The district recently announced a headmaster shuffle that included Madison Park, Charlestown High, Brighton High, and the McKinley School. Having a principal suddenly disappear dramatically impacts an entire school community. Parents and educators were not informed, much less involved in selecting the new school leaders. These decisions were made with no transparency.

Then came a presentation to the School Committee on May 27 about adopting the MassCore as additional standards for graduation requirements, on top of a high school reconfiguration plan that targeted struggling high schools to move to 7-12 grade levels. MassCore is a set of classes required for graduation, which would include courses like art and physical education. While it is important that students have the opportunity to complete courses for higher education applications, there are concerns that MassCore will come without the needed funding to make sure that all students have access to the all the MassCore classes.

These high schools are the same schools that have experienced monumental budget loss over the past few years, creating cuts that make those classes unavailable to students. Similar to what happened in 1993 when MCAS started, everyone wanted to see students achieving at a high level, but schools did not nor do they have the resources to do that. Cassellius told the School Committee that after they passed the new graduation requirement, BPS would study how to make the required courses available. That’s backwards: Funding should be in place and the courses should be offered before any decision to require students to take them.

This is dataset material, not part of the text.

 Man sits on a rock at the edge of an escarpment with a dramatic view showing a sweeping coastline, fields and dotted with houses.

On the same day came the presentation on turning the high schools that are already struggling with budget loss to include grades 7-12. The reconfiguration plans were developed with principal input, once again excluding families and teachers. In FY20, East Boston High, Excel and Brighton High experienced budget cuts of over $2 million. In FY21, the Burke, Excel and Brighton experienced budget cuts of over $1.4 million. Perhaps BPS’ budgets should be reconfigured to invest in these schools rather than moving principals, adding grade levels and on top of that requiring that they offer MassCore required courses, when they have been systemically underfunded.

Most recently, the central office’s academic department was eliminated. Getting rid of the academic department in the midst of school communities still figuring out distance learning will create even more instability. What is worse is that the Department of Elementary and Secondary Education (DESE) memorandum of understanding signed by Cassellius and Commissioner Riley on March 10 states that BPS has to adopt by the MassCore by June 2020 and has to increase graduation rates, essentially making decisions for Casellius, the School Committee, and the mayor. With all of this comes questions about the plan for reopening schools, which is still being developed.

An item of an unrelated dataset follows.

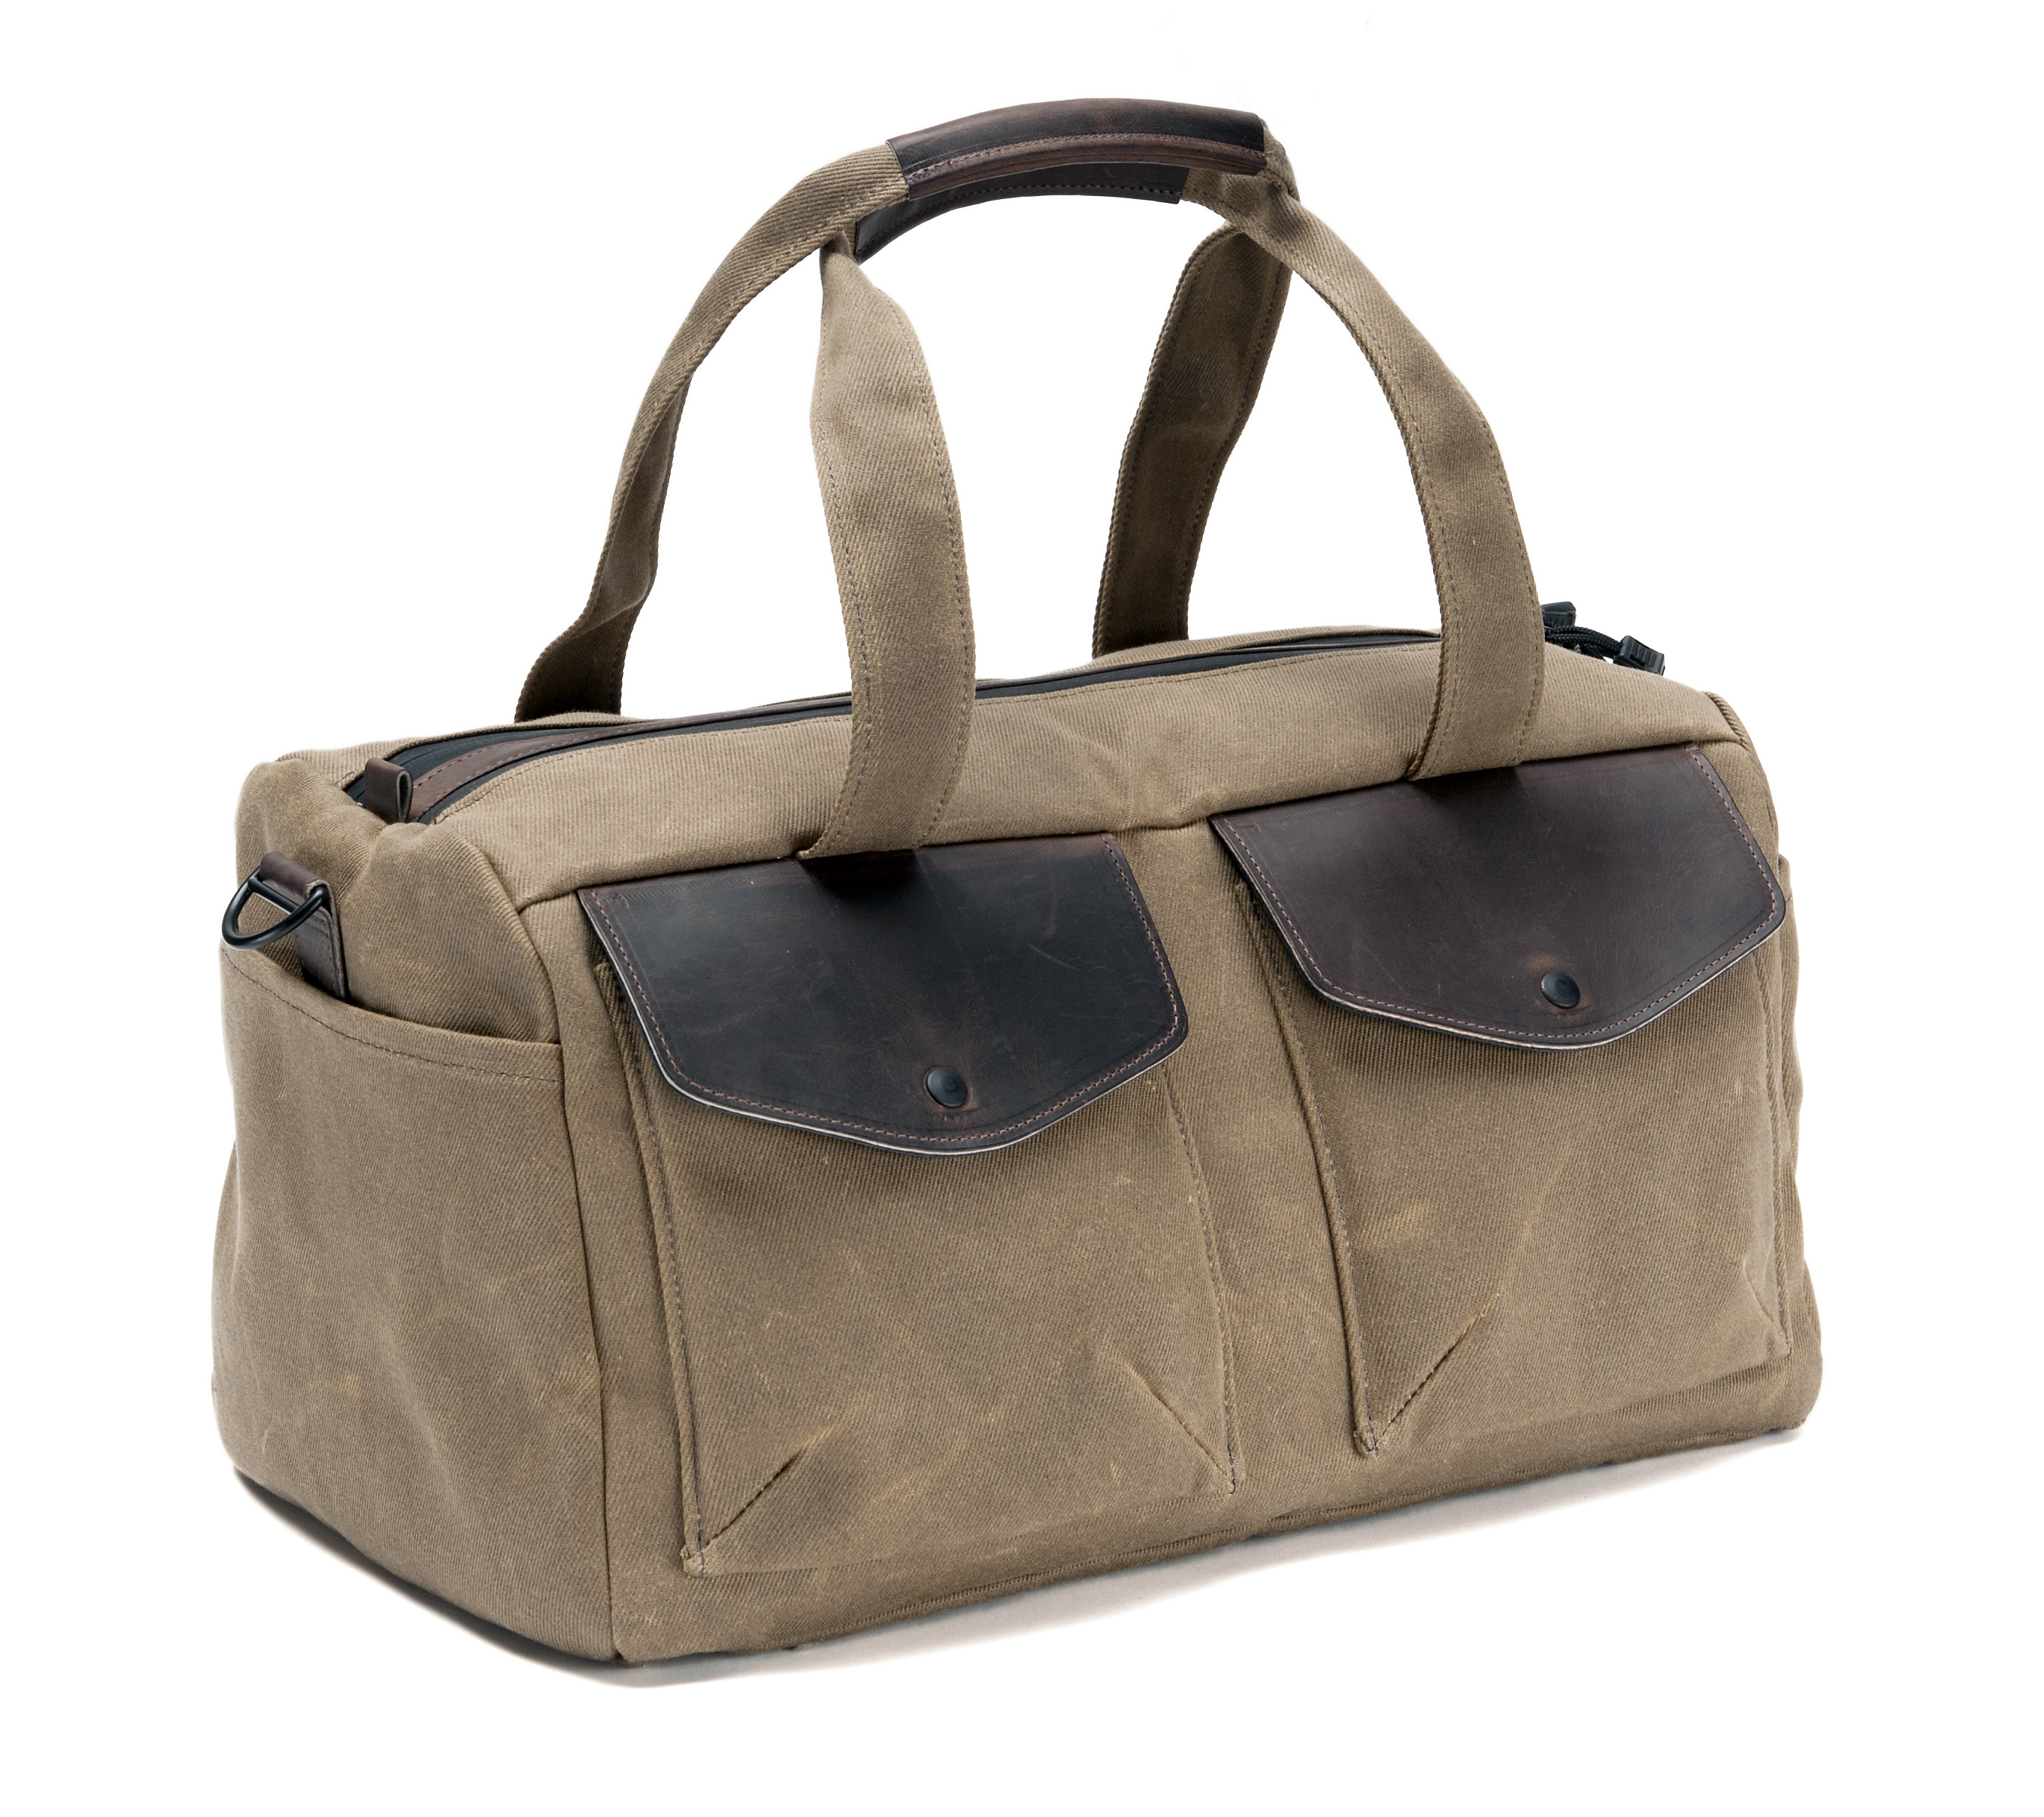 The Outback Duffel

Bulldozing through decisions does not cultivate trust, one of the goals of the strategic plan. Unilateral decisions create further trauma in an already traumatizing situation. The voices and input of parents, students and teachers need to be cultivated and included. Without them, the district will continue to feed a deep mistrust in families and educators and will continue to perpetuate a cycle of creating systemic problems for school communities.

While community input takes time, the process creates healthier plans.

Ruby Reyes is executive director of the Boston Education Justice Alliance.